French far-right journalist and politician

Christian Bouchet (/fr/; born 17 January 1955) is a French far-right journalist and politician.

== Biography ==
Coming from a far-right family with monarchist and Organisation armée secrète links, in 1970 Bouchet joined the monarchist group Restauration nationale, and, in 1971, a member of Nouvelle Action française which was a split (called in France a "Mao-maurrassien" group) of the former.
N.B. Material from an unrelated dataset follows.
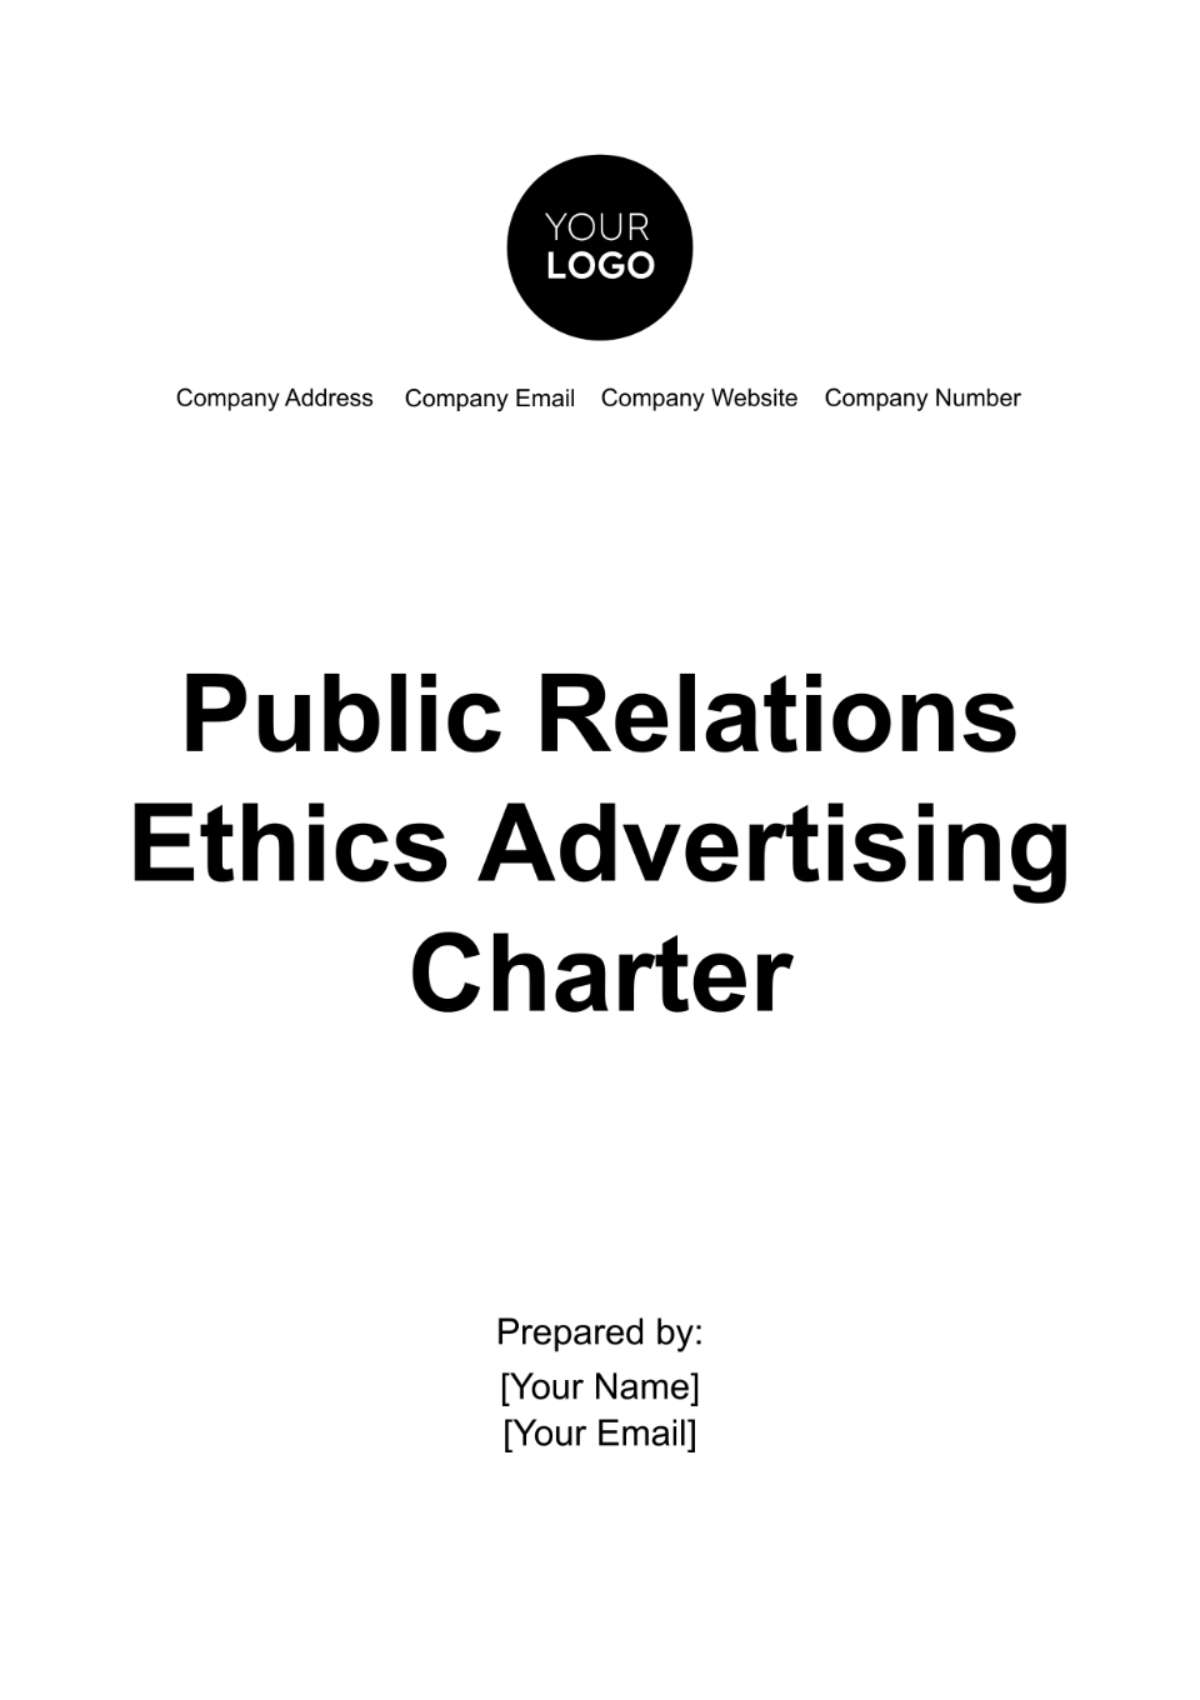 Public Relations Ethics Advertising Charter Template

In 1973, he served in the Organisation lutte du peuple, a nationalist revolutionary splitter group of the far-right movement Ordre Nouveau intended to defend the nationalist movements of the Third World, particularly the Arab states opposed to Zionism and what they perceived as American imperialism. He subsequently became a member of François Duprat's Groupes nationalistes révolutionnaires and of the Revolutionary Nationalist Movement (Mouvement nationaliste révolutionnaire) of Jean-Gilles Malliarakis. After a spell in the Troisième Voie he set up Nouvelle Résistance in 1991, whilst also refounding the European Liberation Front. This group was absorbed by Unité Radicale in 1998. He then went on to lead the study group Réseau Radical which emphasised anti-Zionism and after that the association Les Nôtres. He also led the 'radical' tendency within the National Republican Movement and has sat on its national council. Bouchet, who was an exponent of the Third Position until 1990, was later influenced by Aleksandr Dugin and advocated National Bolshevism and then Eurasianism.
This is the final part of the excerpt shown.